● What is expected: Transcribe everything in the listing as written, and let no image into the copy.
*** Raw data Section Begins ***
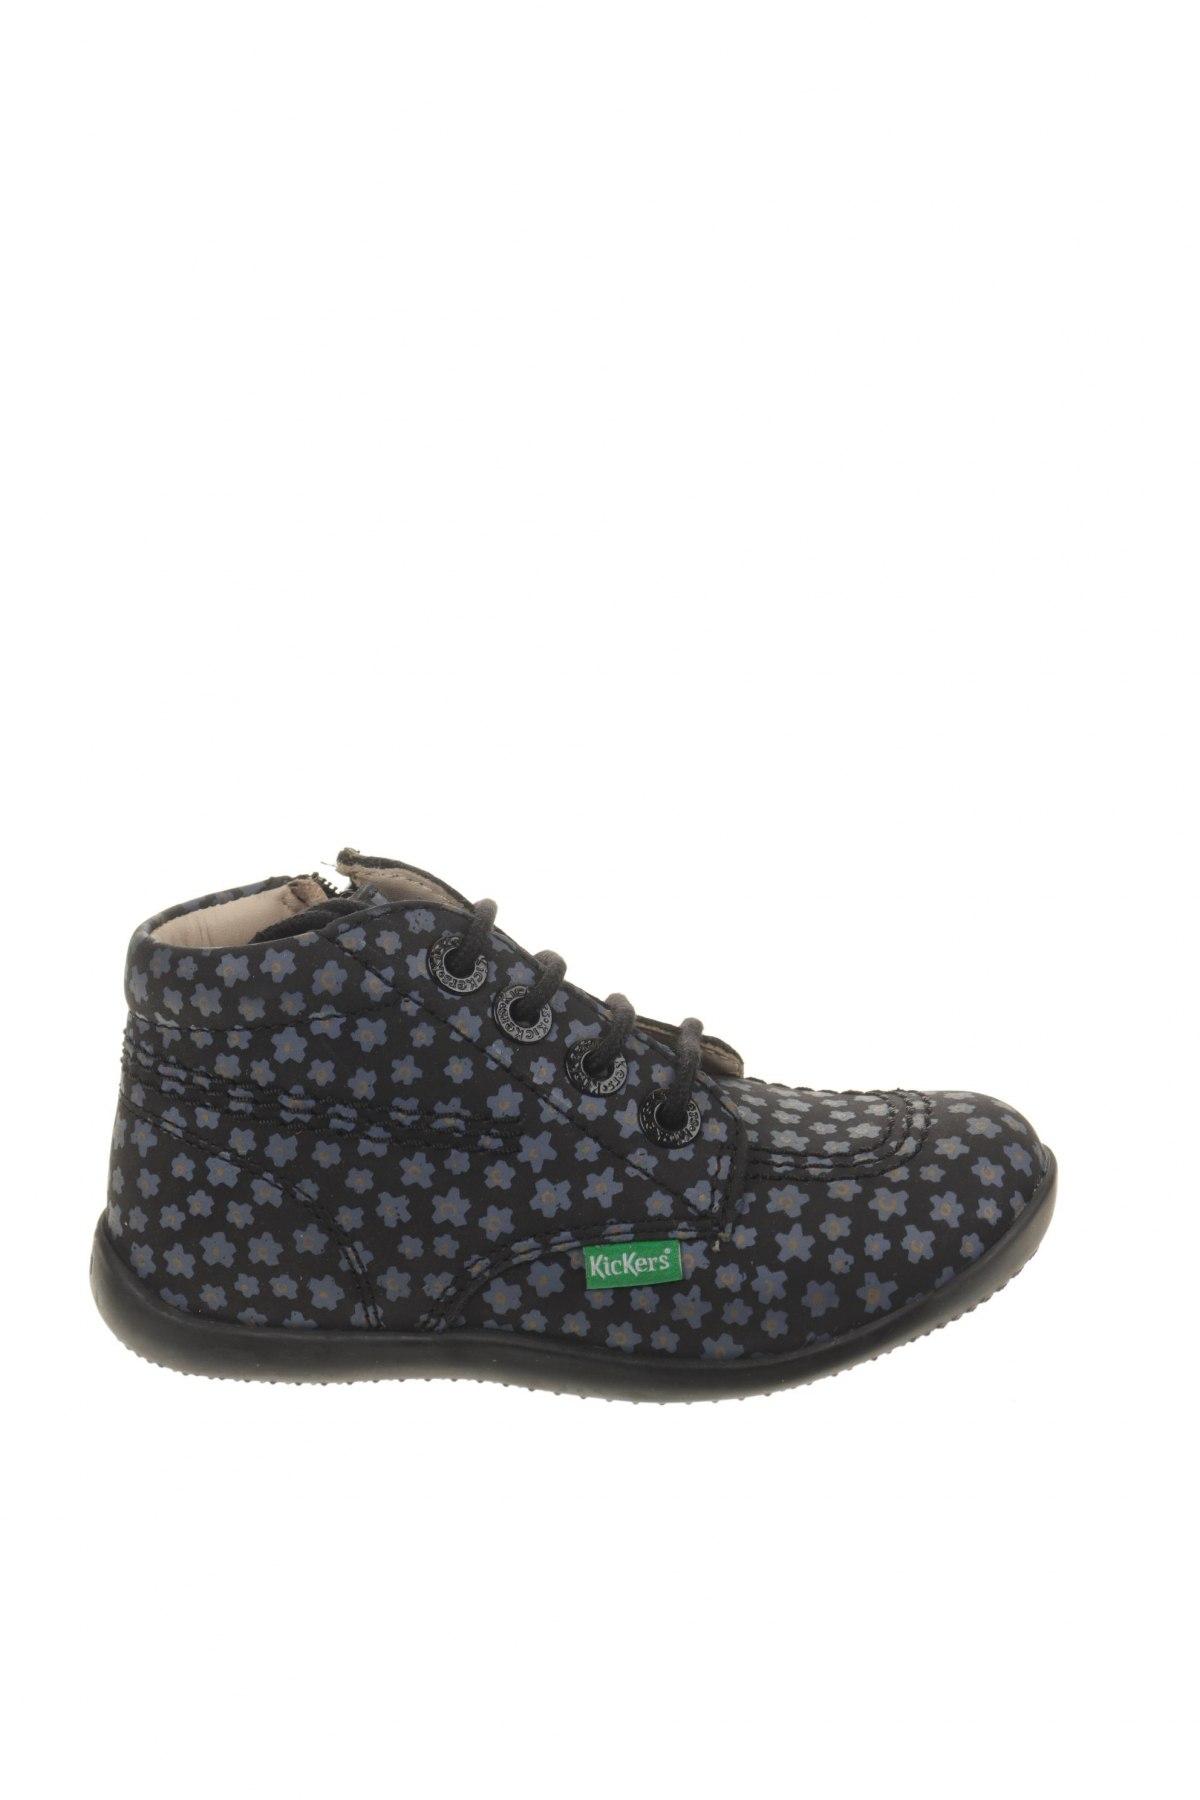 Παιδικά παπούτσια Kickers, Μέγεθος 25, Χρώμα Μπλέ, Γνήσιο δέρμα, Τιμή 30,54€
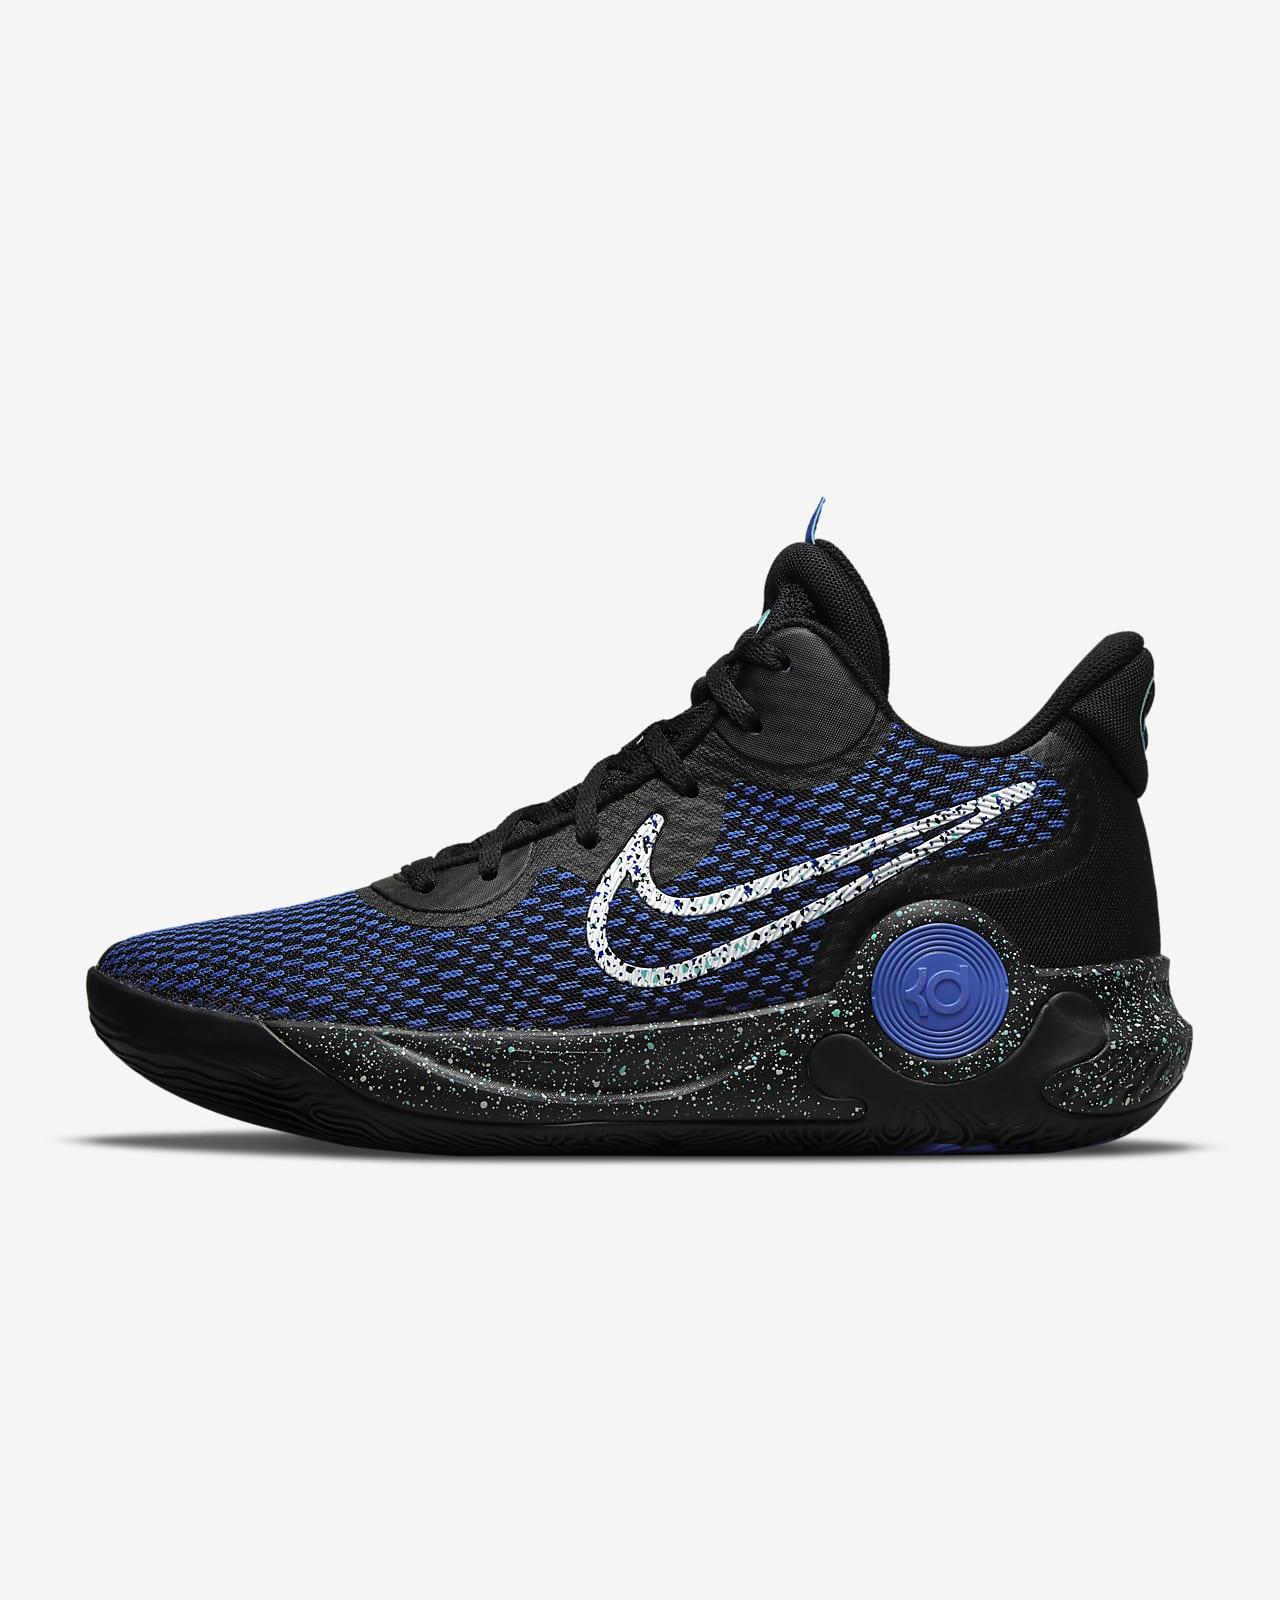 Chaussure de basketball KD Trey 5 IX
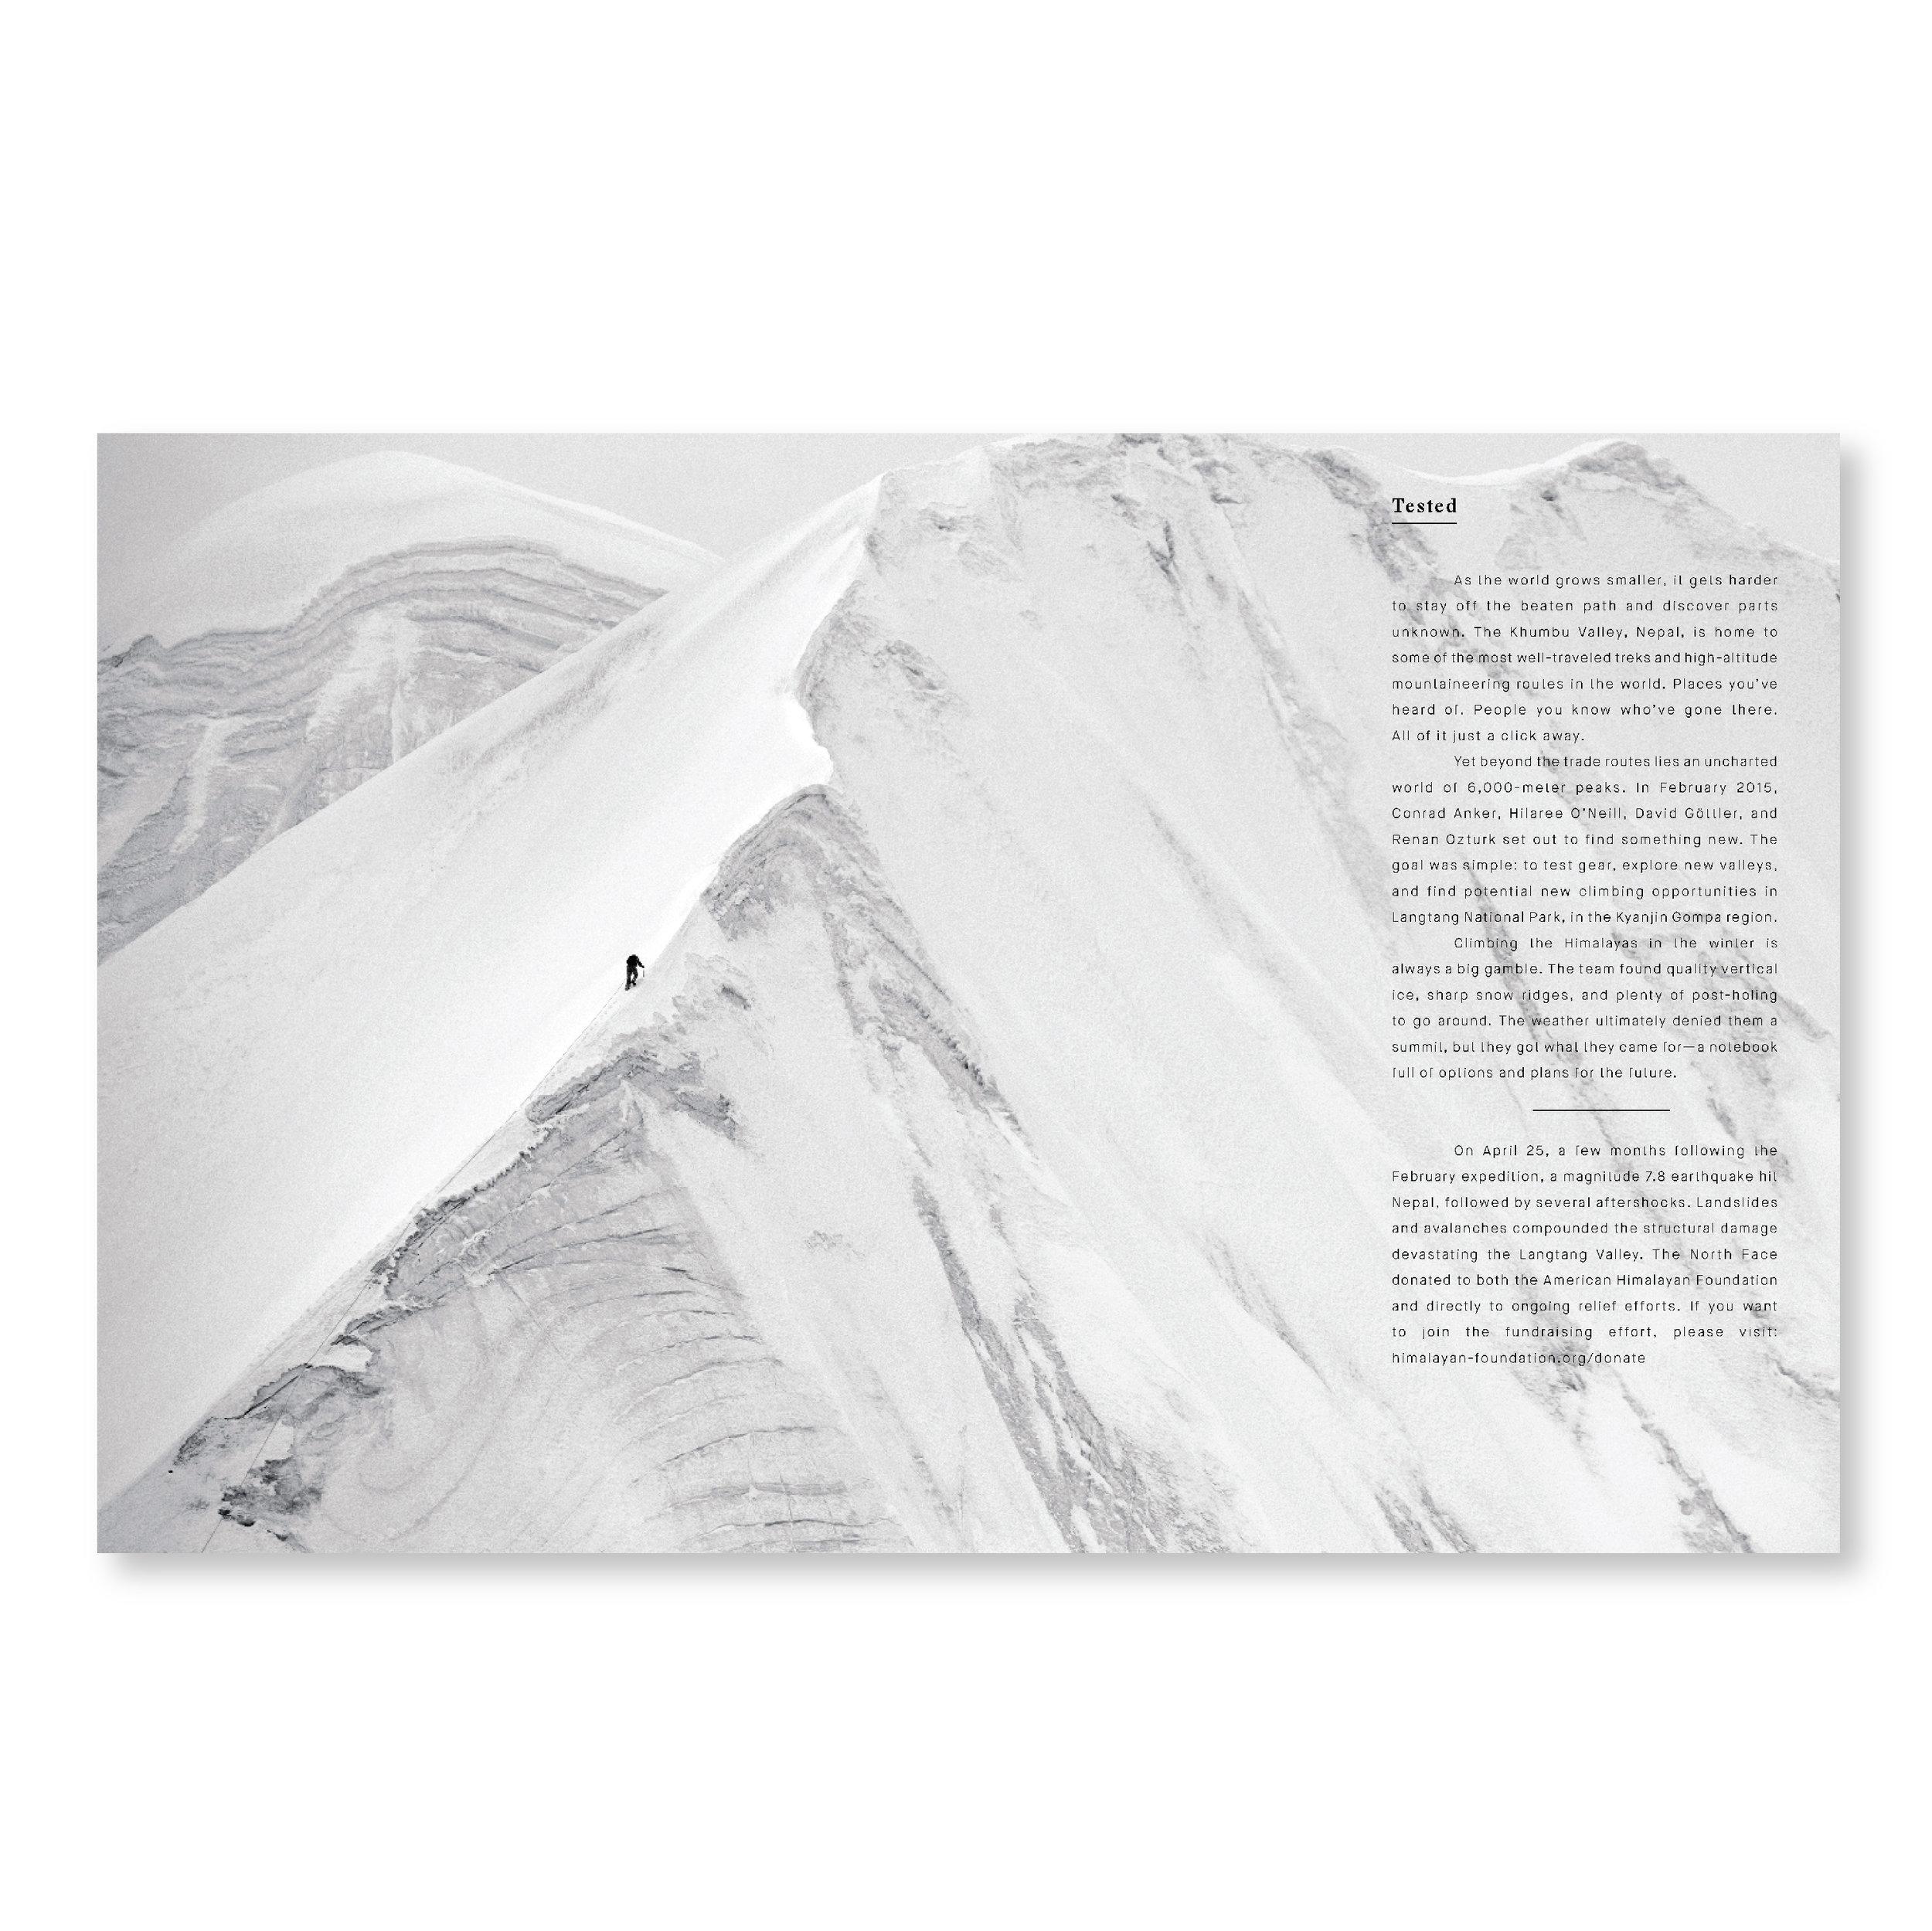 15-TNF-1466 F15 Summit Series Lookbook-7x9-082715-v01s-05.jpg
*** Raw data Section Ends ***
● Result of the exercise:
 Παιδικά παπούτσια Kickers, Μέγεθος 25, Χρώμα Μπλέ, Γνήσιο δέρμα, Τιμή 30,54€
 Chaussure de basketball KD Trey 5 IX
 15-TNF-1466 F15 Summit Series Lookbook-7x9-082715-v01s-05.jpg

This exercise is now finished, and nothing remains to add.